Jari-jari mengencang di pergelangan tangan kanannya, mengancam akan mematahkan tulang, dan Deoffrey merintih kesakitan. Keparat ini tidak membawanya.
Bersandar ke belakang sehingga dia menarik pegangan pria itu dengan seluruh beratnya, dia mengangkat kaki kanannya sambil tetap meluncur di sepanjang tepi kaki kirinya. Dia menendang keluar, membidik di mana dia pikir lutut pria itu mungkin berada. Keberuntungan akhirnya menyinari dia dan dia terhubung dengan lutut keparat itu, meruntuhkannya.
Pria itu berteriak dan segera melepaskannya. Deoffrey jatuh ke lantai yang basah dan lengket, rasa sakit meledak di pinggulnya. Dia mengabaikannya dan kembali berdiri. Pintu masuk depan tersumbat oleh orang-orang, tapi dia bersumpah dia melihat pintu tambahan di belakang kamar mandi... lebih dalam ke dalam asap dan kegelapan. Mendorong penyerangnya kembali ke tanah saat dia mencoba bangkit, Deoffrey menutup mulut dan hidungnya saat dia terjun ke dalam asap. Rasa sakit menembus bahunya lalu pinggulnya saat dia memotong meja dan sudut dinding saat dia tersandung membabi buta ke bagian belakang gedung.
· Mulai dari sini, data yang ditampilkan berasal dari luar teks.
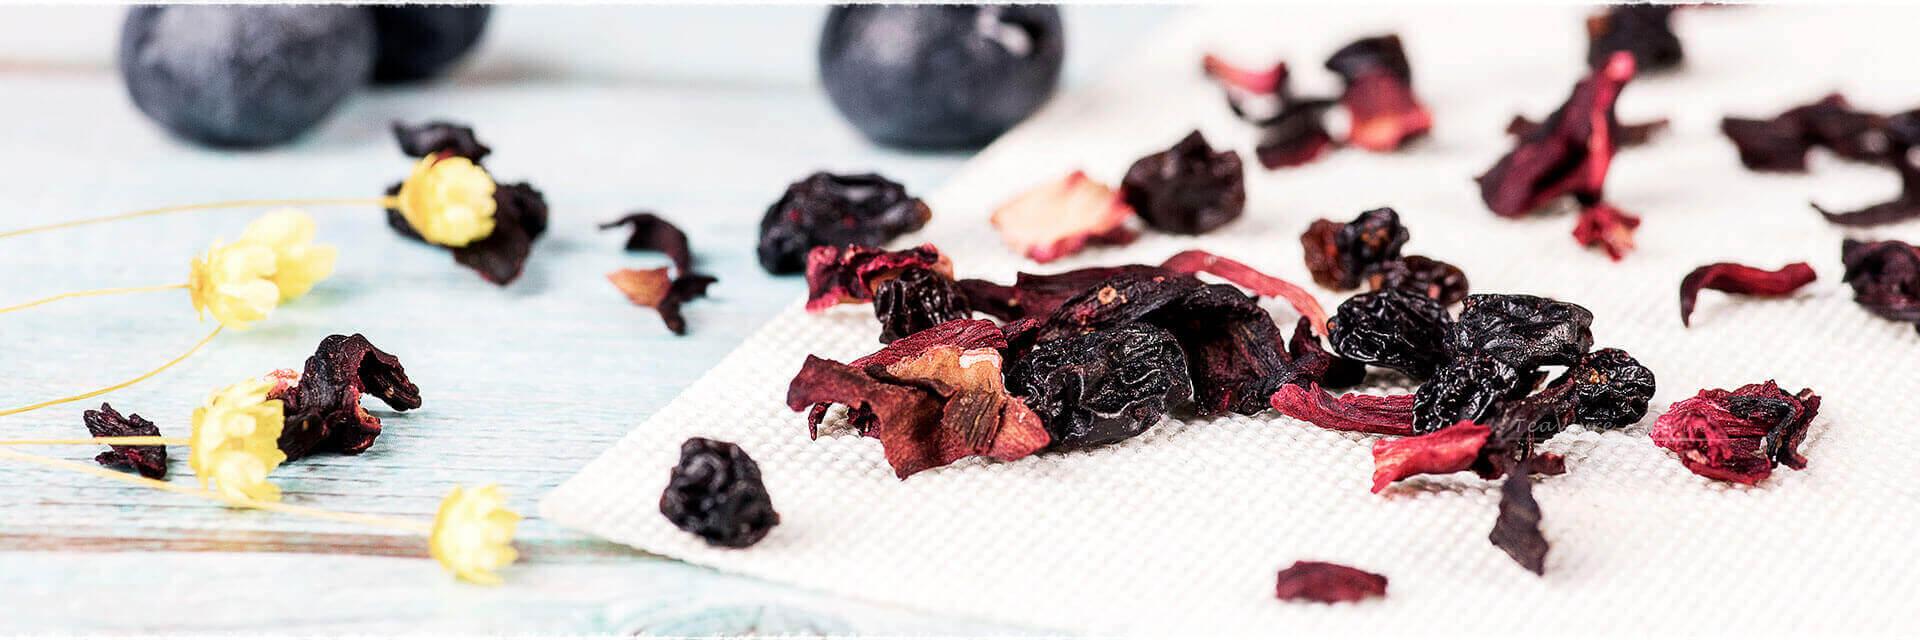 Verrine de fromage blanc et gelée fruits noirs & fruits rouges.
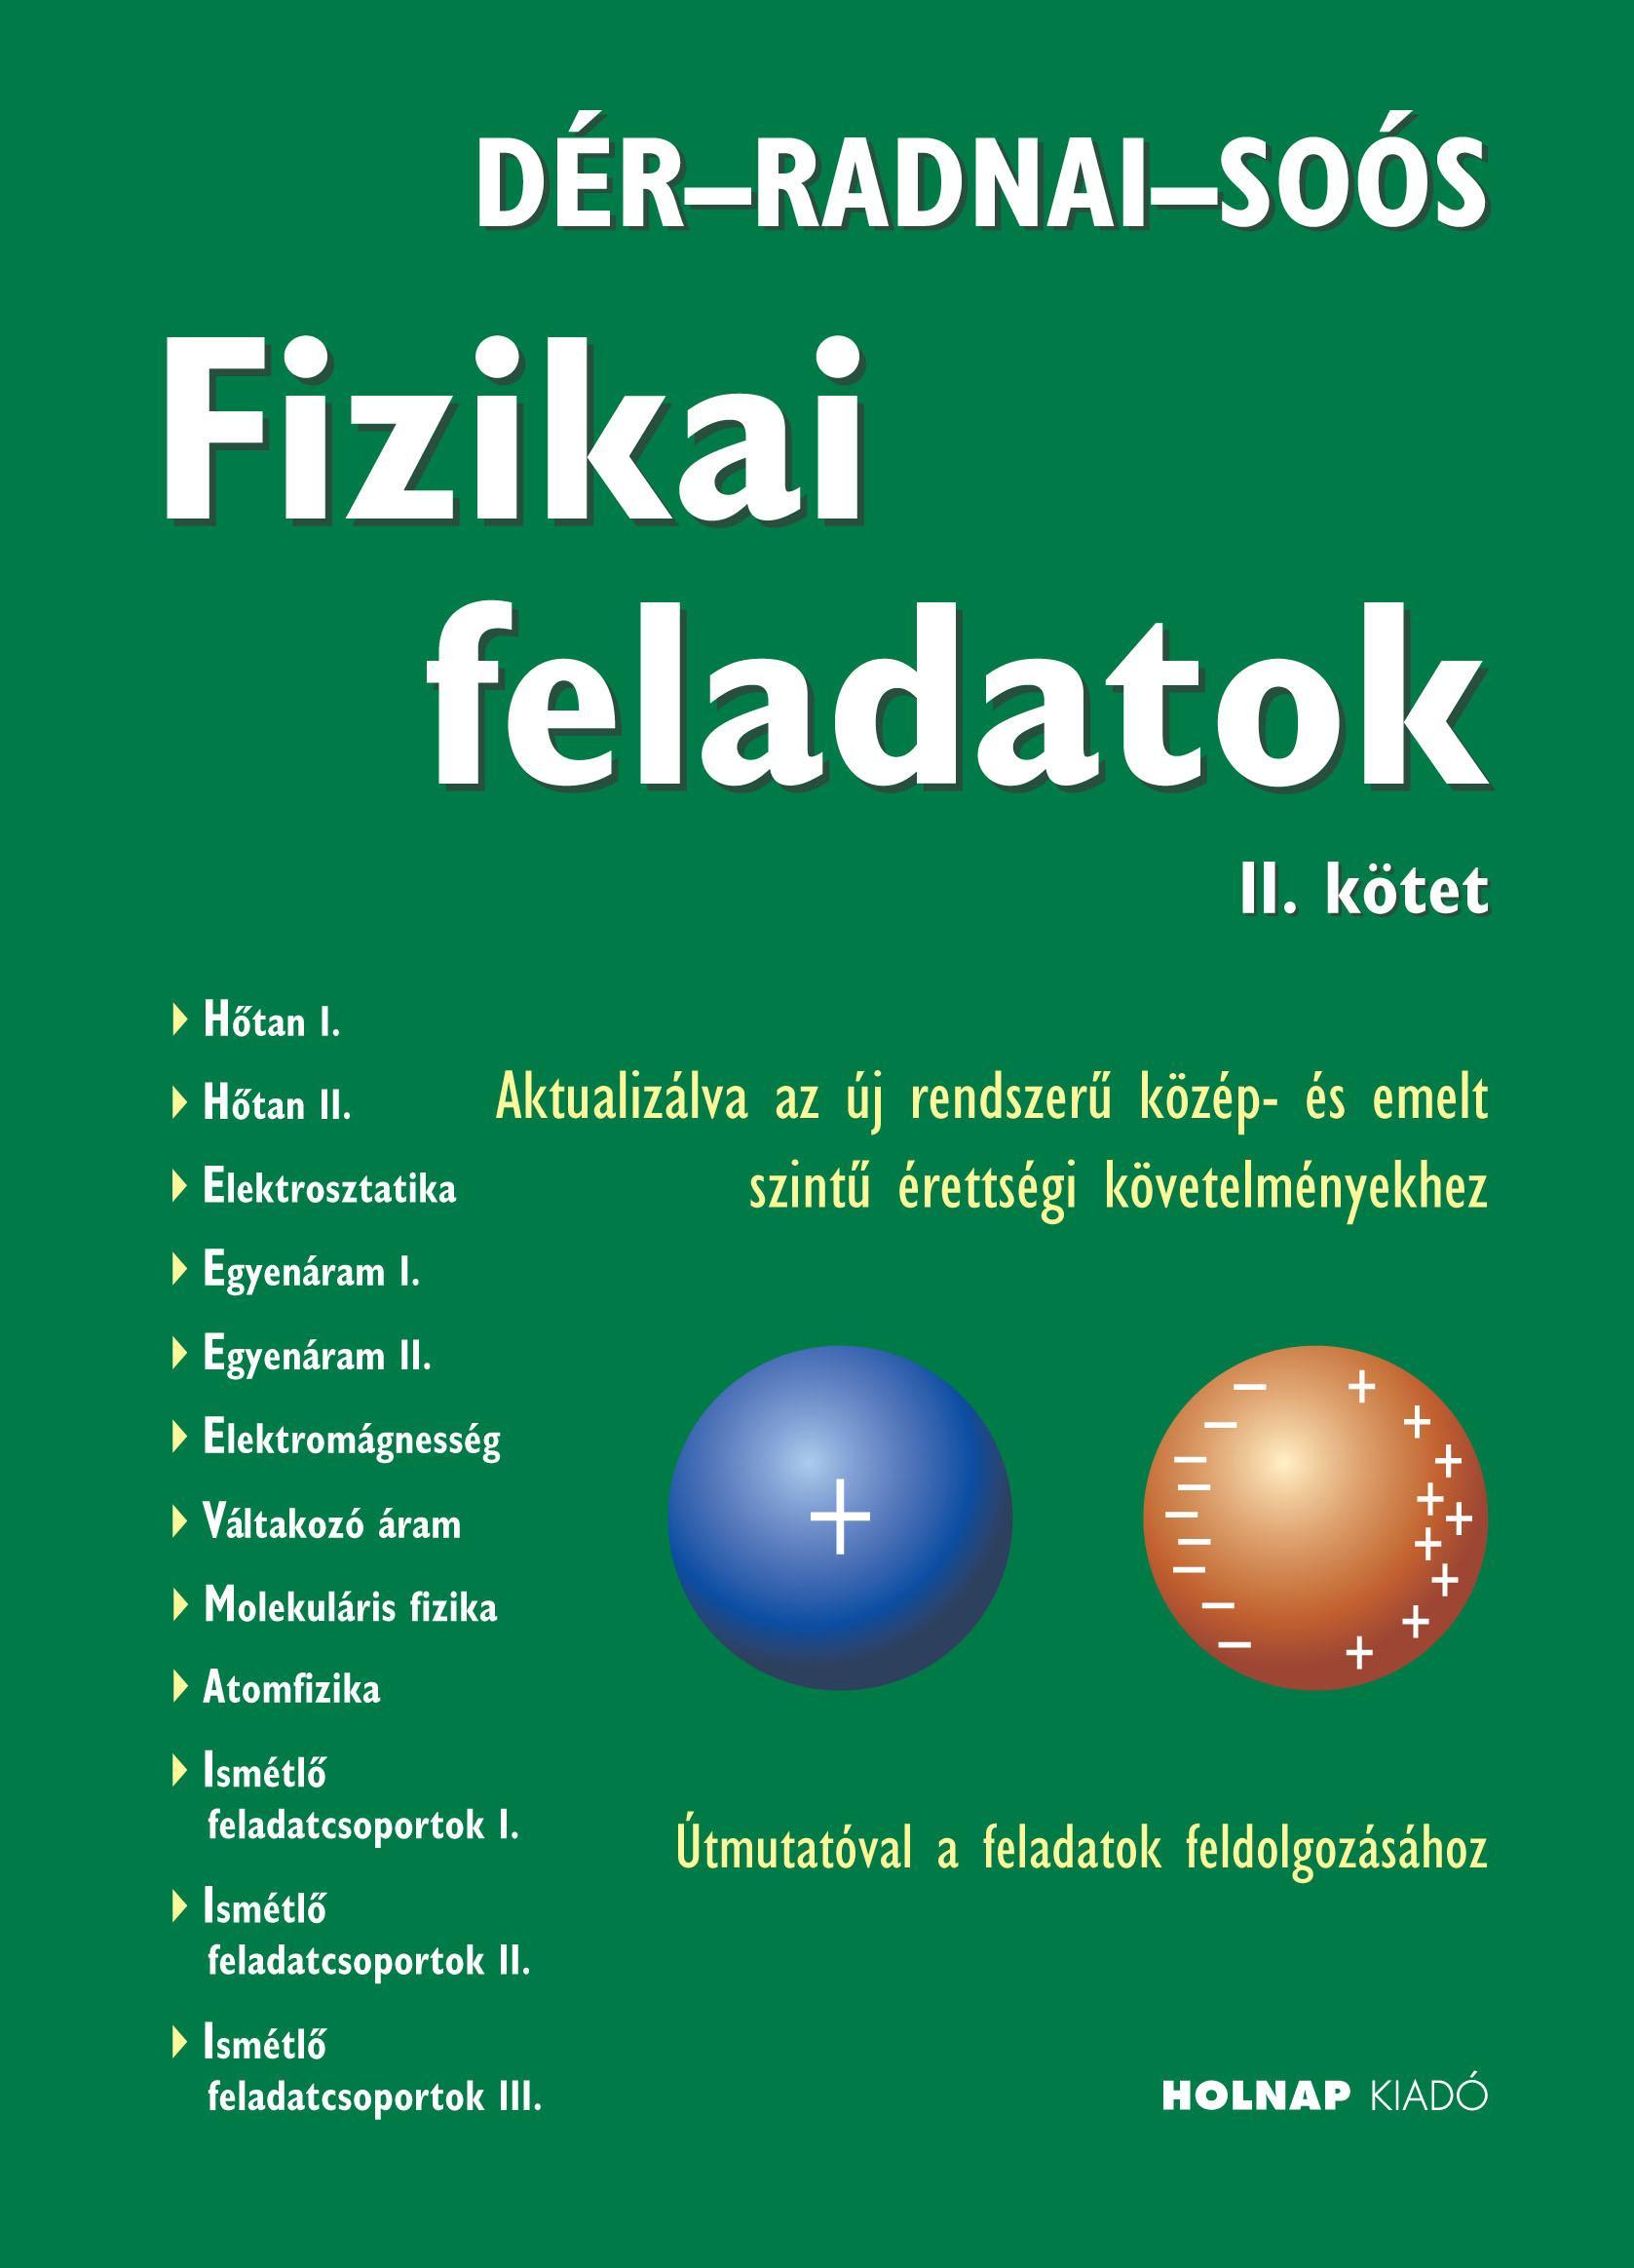 FIZIKAI FELADATOK II. KÖTET - AKTUALIZÁLT KIADÁS! (2017)

Dia menyelipkan tangan kanannya di sepanjang dinding sampai dia akhirnya mencapai logam yang dingin dan halus. Dan sebuah bar dorong. Pintu aneh di luar! Deoffrey mendorongnya dan melirik dari balik bahunya saat cahaya dari gang masuk ke klub, memotong sebagian melalui asap untuk mengungkapkan bahwa sosok berkerudung itu tertatih-tatih mengejarnya. Dia bergegas maju, mencoba menarik lebih banyak udara ke paru-parunya yang kelaparan sekarang setelah dia berada di luar. Melirik ke atas dan ke bawah gang, dia diam-diam mengutuk untuk menemukan bahwa dia sendirian. Siapa pun yang melarikan diri dengan cara ini kemungkinan besar akan bergegas ke depan gedung.